# 8 string classical guitar with chin technique (seriously)



## distressed_romeo (May 5, 2007)

Alexander Vynograd - Eight String Guitar

This guy plays an 8 string classical tuned AEADGCEA. Interestingly though, he writes his music on a unique stave so he can 'think' of it as being tuned EBEADGBE. An interesting approach to say the least, coupled with the fact that he frets notes with the side of his chin while playing...


----------



## distressed_romeo (May 5, 2007)

Fuck me, check out the recordings of him playing Bach...


----------



## Metal Ken (May 5, 2007)

ive seen that guy before, he's a badass.


----------



## Mastodon (May 5, 2007)

I've seen this guy before but totally forgot about him.


----------



## Jongpil Yun (May 6, 2007)

Weird. Reminds me of a guy I saw who plays with a teaspoon in his mouth that he uses as a slide.


----------



## distressed_romeo (May 6, 2007)

Jongpil Yun said:


> Weird. Reminds me of a guy I saw who plays with a teaspoon in his mouth that he uses as a slide.



Do you mean this guy?

YouTube - Teaspoon Slide Guitar Master, Hannes Coetzee of S. Africa

EDIT: Actually, on closer inspection, there are a few people with videos of themselves playing in that style...wierd!


----------



## Jongpil Yun (May 7, 2007)

distressed_romeo said:


> Do you mean this guy?
> 
> YouTube - Teaspoon Slide Guitar Master, Hannes Coetzee of S. Africa
> 
> EDIT: Actually, on closer inspection, there are a few people with videos of themselves playing in that style...wierd!
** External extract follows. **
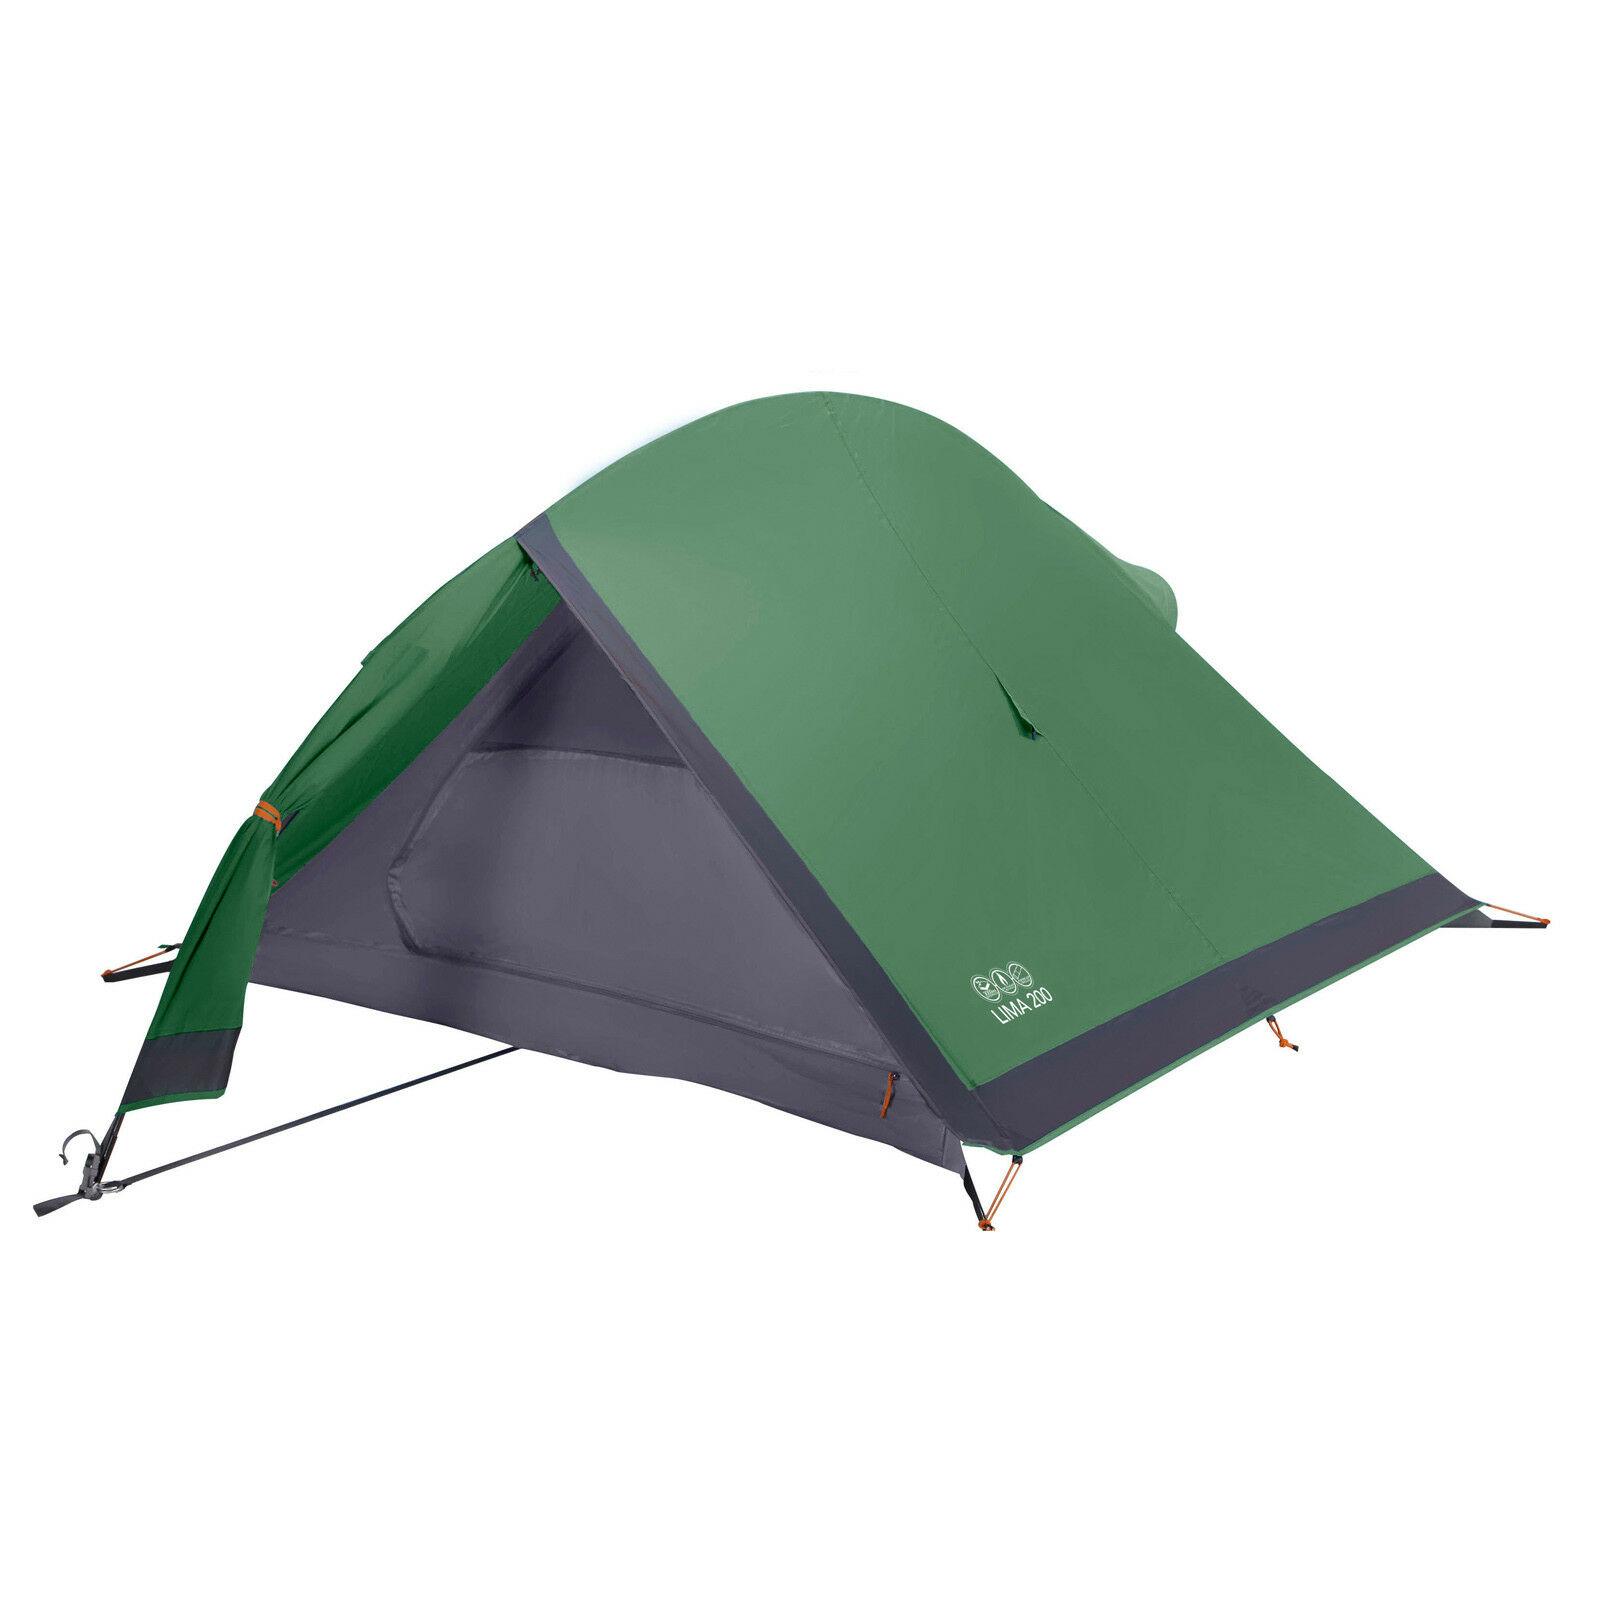 2 Mann Zelt VANGO Lima 200 Trekkingzelt für 2 Personen Fahrradzelt Camping Zelt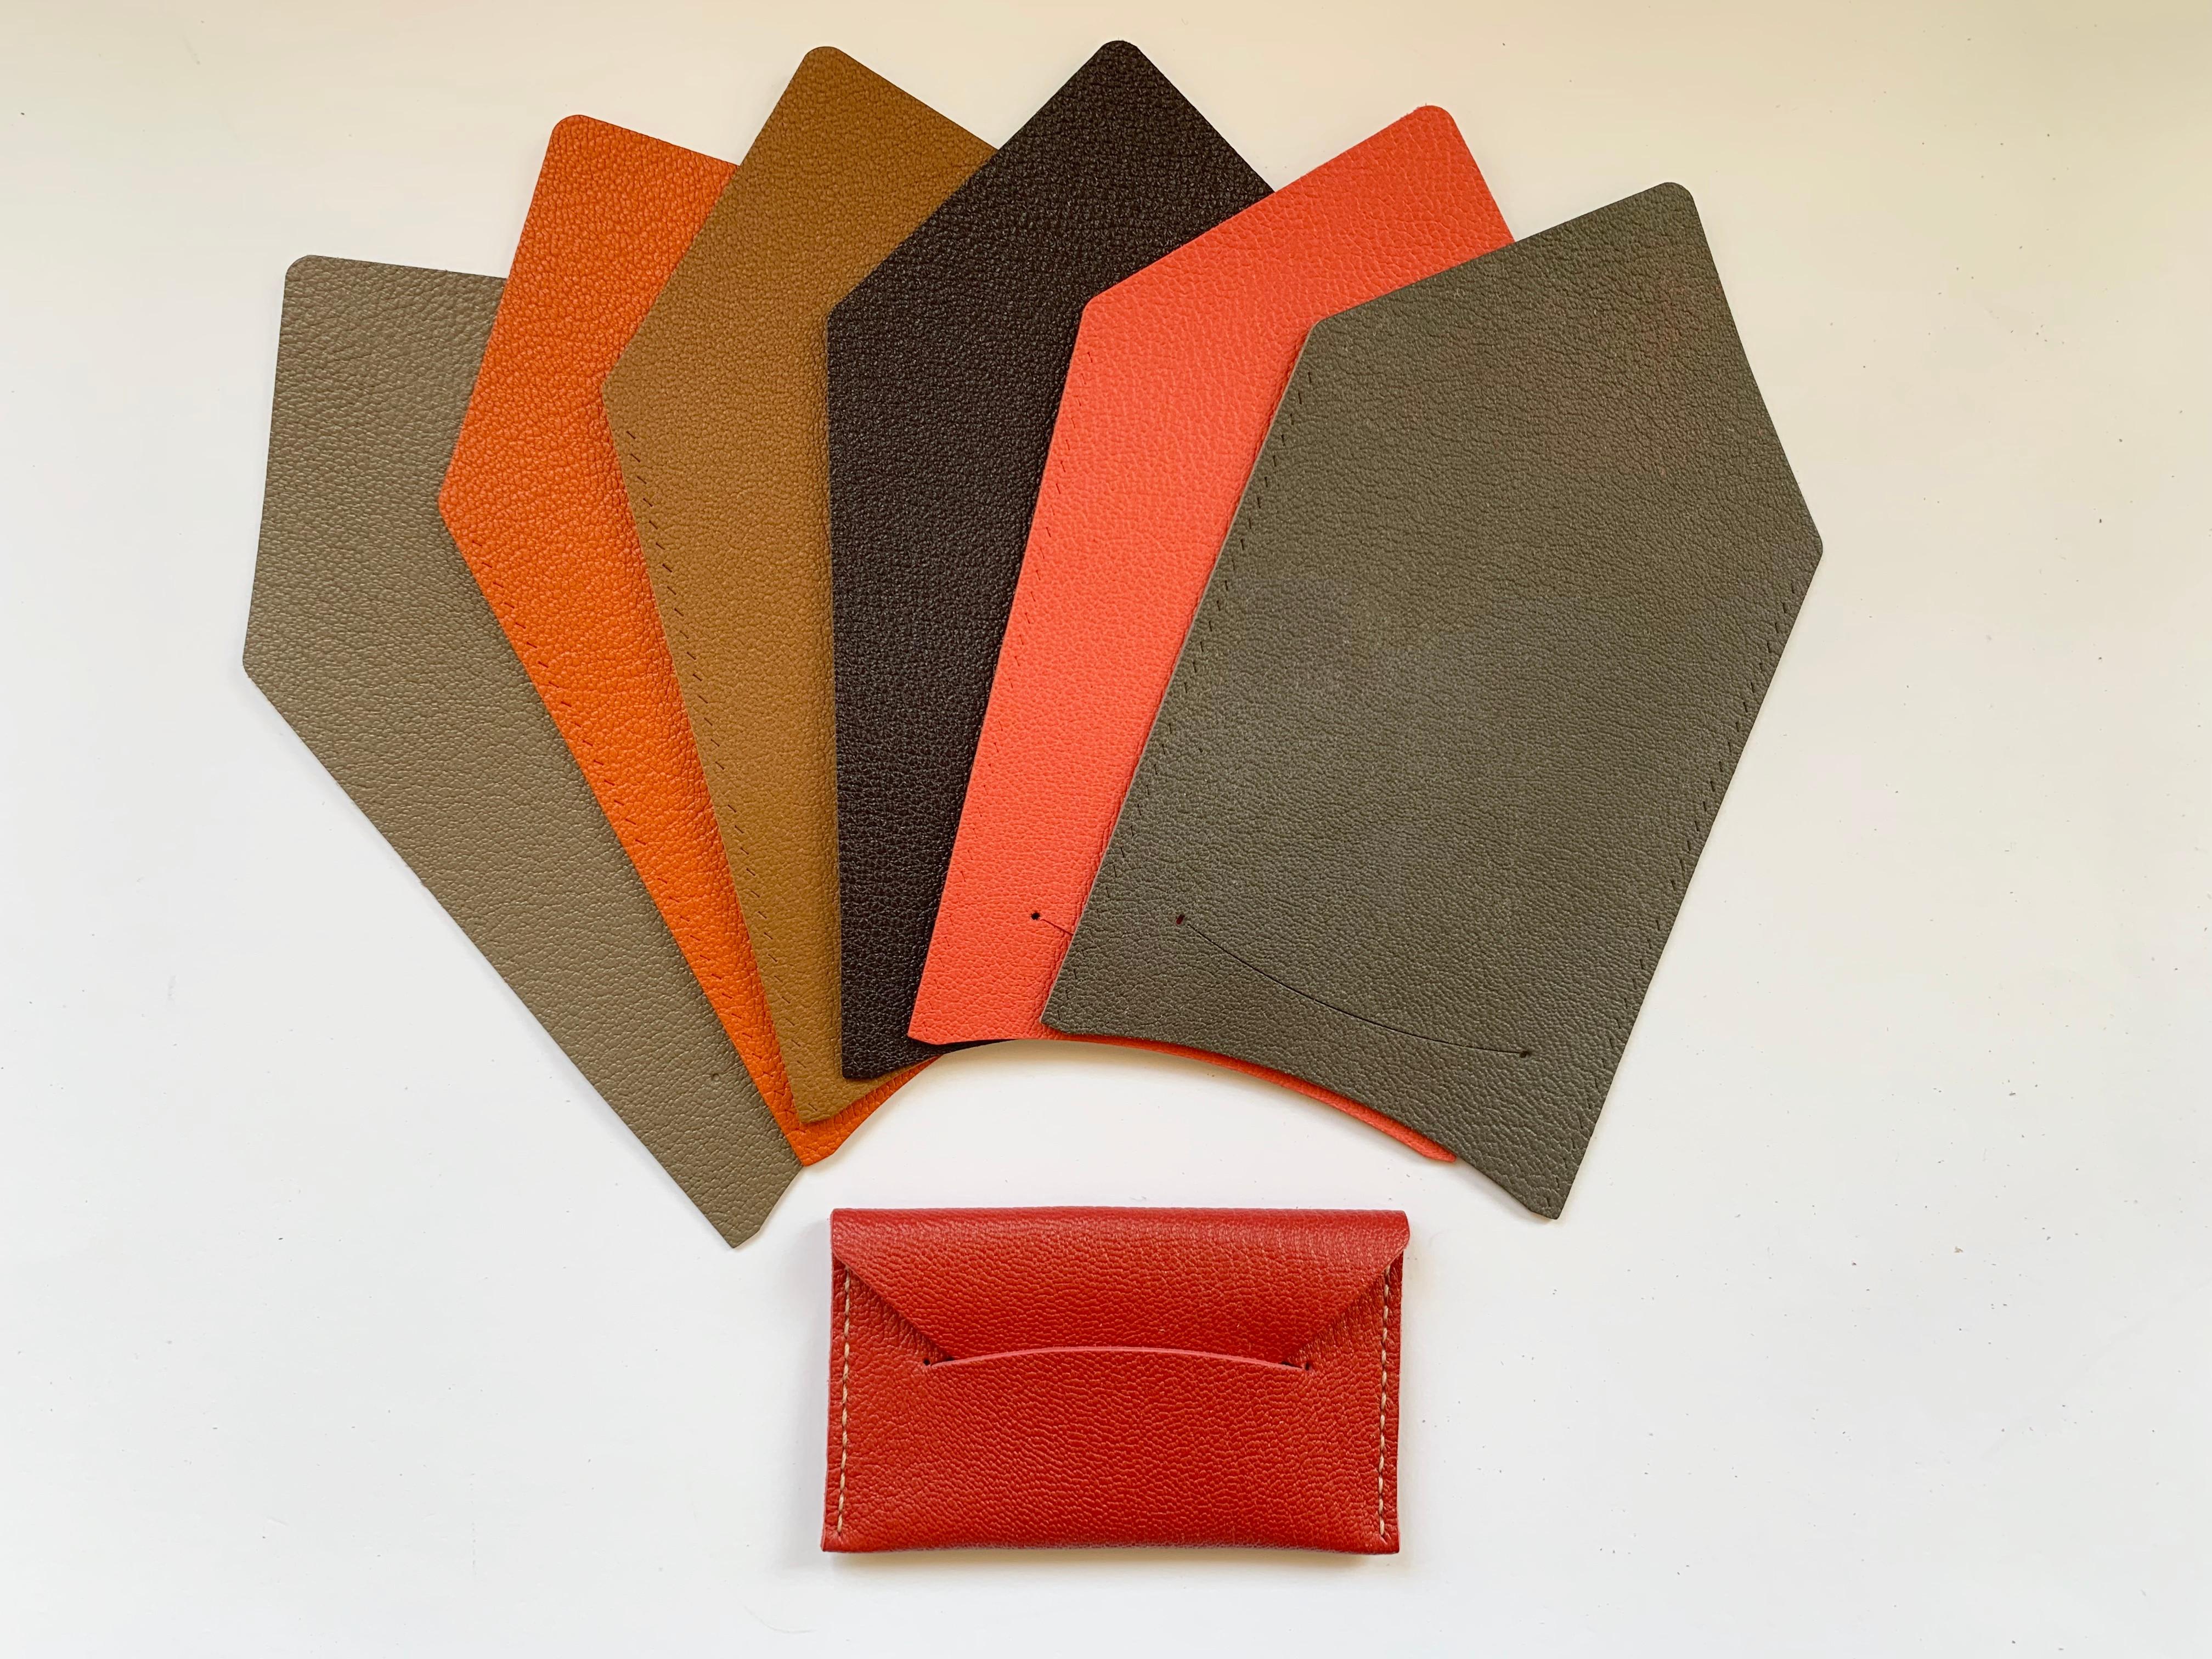 Basic Leather card sleeve workshop

Yeah that'd be it. You wouldn't think mouth teaspoon sliding would really catch on.


----------



## distressed_romeo (May 7, 2007)

Jongpil Yun said:


> Yeah that'd be it. You wouldn't think mouth teaspoon sliding would really catch on.



Having said that, 40 years ago, people would probably have said the same about tapping... I can't see the teaspoon style ever appearing on a top 40 song though...


----------



## Grom (May 8, 2007)

distressed_romeo said:


> Having said that, 40 years ago, people would probably have said the same about tapping... I can't see the teaspoon style ever appearing on a top 40 song though...



Paulo Gilberto used a drill, you never know ...


----------



## The Dark Wolf (May 8, 2007)

Nice find!

Here's another 8-string classical guy, and an amazing, amazing player.

Paul Galbraith

Paul Galbraith
Paul Galbraith - Wikipedia, the free encyclopedia

He taught a master class when I was a classical guitar student at the University of Toledo. Just flawless technique.


----------



## yevetz (May 18, 2007)

He is from Ukraine


----------



## 7 Strings of Hate (May 18, 2007)

where the hell do these get these cool ass guitars?


----------